One time, when I was in college, I walked out of the cafeteria holding a soft-serve ice cream cone. After a few licks I decided I was full and didn't really want the cone. That was when I noticed an obviously friendly dog walking toward me, eyeing my ice cream with obvious desire. So I knelt down and extended it toward him, figuring he would take a lick or two. Instead he opened his mouth to a truly impressive degree, and took the entire cone in his mouth, nearly taking off two of my fingers with it. He then chewed it up and swallowed, while I watched in awe. Obviously doggy didn't have a problem with sensitive teeth.

Seriously, how does it even occur to someone to be offended by people eating ice cream cones in public, or to liken the process to what a cat does? This guy is out of his mind, and yet he has the ear of the President.

One more excerpt, from Pinker's conclusion:

The sickness in theocon bioethics goes beyond imposing a Catholic agenda on a secular democracy and using “dignity” to condemn anything that gives someone the creeps. Ever since the cloning of Dolly the sheep a decade ago, the panic sown by conservative bioethicists, amplified by a sensationalist press, has turned the public discussion of bioethics into a miasma of scientific illiteracy. Brave New World, a work of fiction, is treated as inerrant prophesy. Cloning is confused with resurrecting the dead or mass-producing babies. Longevity becomes “immortality,” improvement becomes “perfection,” the screening for disease genes becomes “designer babies” or even “reshaping the species.” The reality is that biomedical research is a Sisyphean struggle to eke small increments in health from a staggeringly complex, entropy-beset human body. It is not, and probably never will be, a runaway train.

Well said! Now go read the whole article.

[Evolution Blog]

Josh Johnston (not verified) on May 20th 2008

Excellent Post Oisin -- I couldn't agree more (but maybe I just did, as this also appears in the subject line)...

I was reading this article in the Seattle Airport, while eating some chowder. I got to the paragraph with the deep-end stuff: the indignity of eating ice cream and all ... I swear, I almost did a spit-take with chowder.

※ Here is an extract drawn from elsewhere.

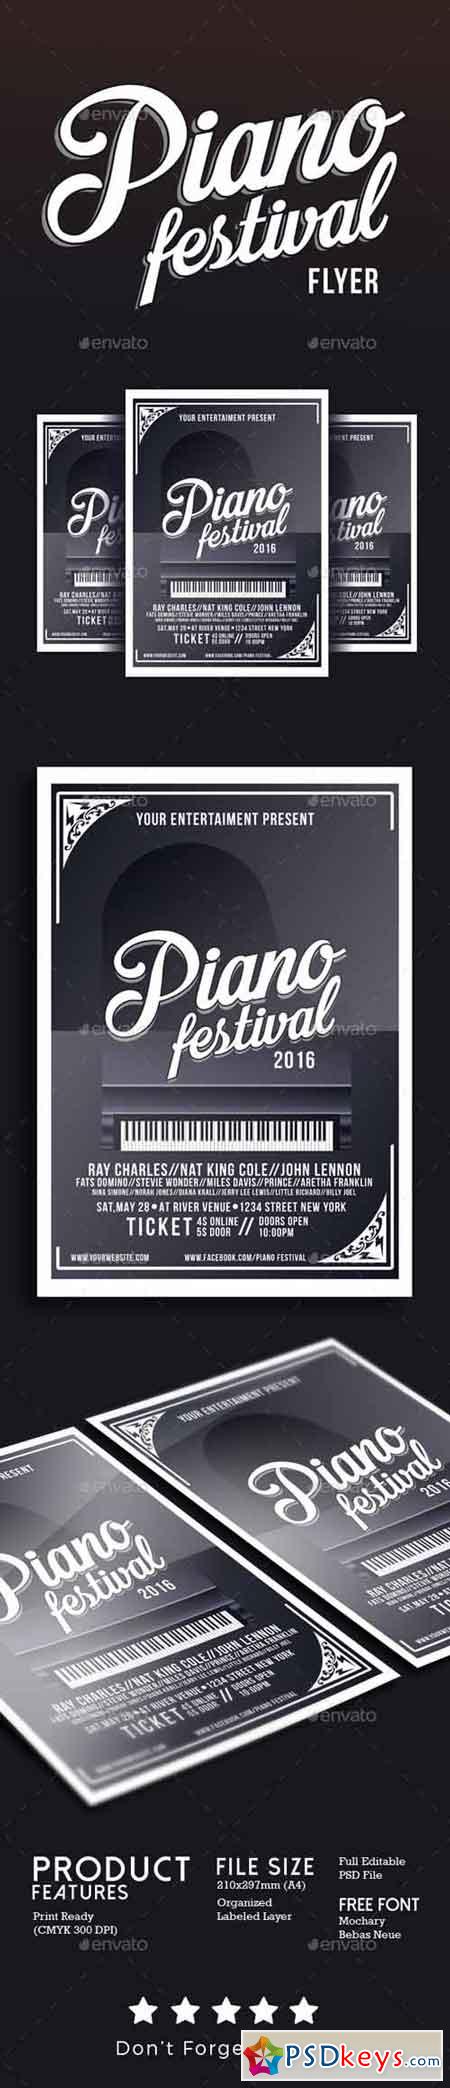 Piano Festival Flyer Template 17042507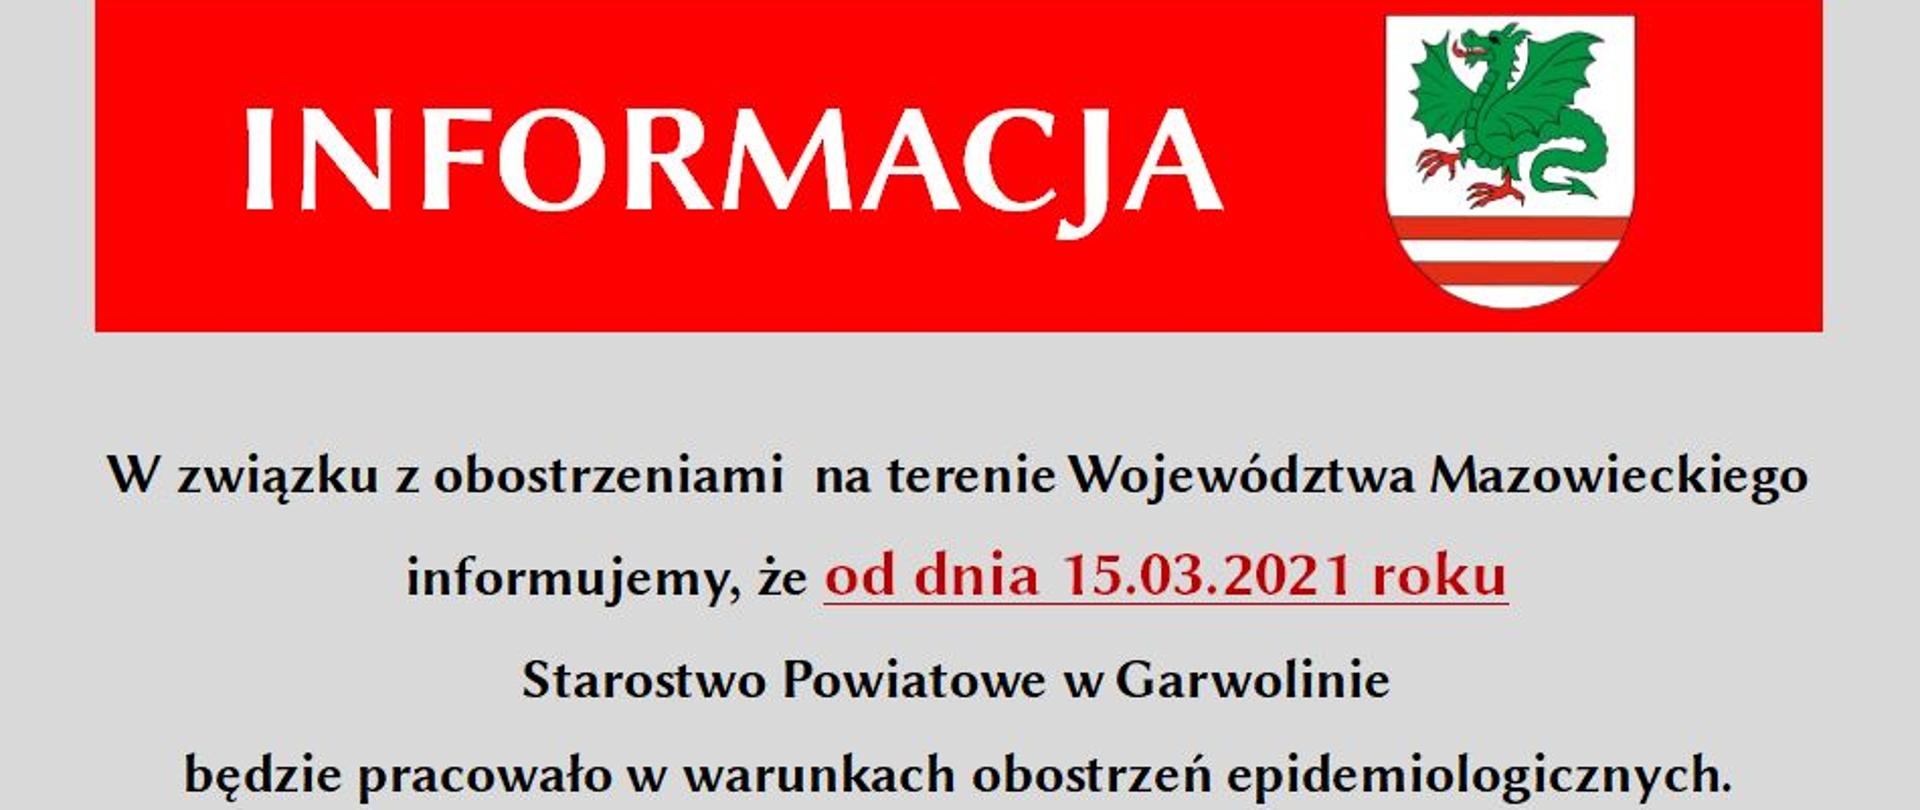 Informacja w związku z obostrzeniami na terenie Województwa Mazowieckiego i pracy w Starostwie od dnia 15 marca 2021 roku.

I initially laughed, and then the reality that Kass really thinks this set in, and made me, well, very uncomfortable.

I would like to look at this "Dignity" Report. I am especially interested in what Dennett has to say about it; Pinker just barely mentions his contribution to the volume.

As an aside: I am really becoming a fan of The New Republic, which this article appears in. I think their thinking and writing is quite nice, and they take interesting topics quite deep. Other mags seem less inclined to really contemplate and explore these topics or do so in a superficial way (e.g., the cover for this issue was "Will Whites Vote for Him [him being Obama of course): The Political Psychology of Race"). Plus they cover the arts, which is also nice.

oisin on May 25th 2008

But Josh. Eating ice-cream in public is disgusting! ;)

Anonymous (not verified) on May 26th 2008

There's a better case for human dignity than the one made out above, as in Camus's "The Plague". Of course that view might lead to an entirely different conclusion - a reason to be moral in a meaningless world - but still.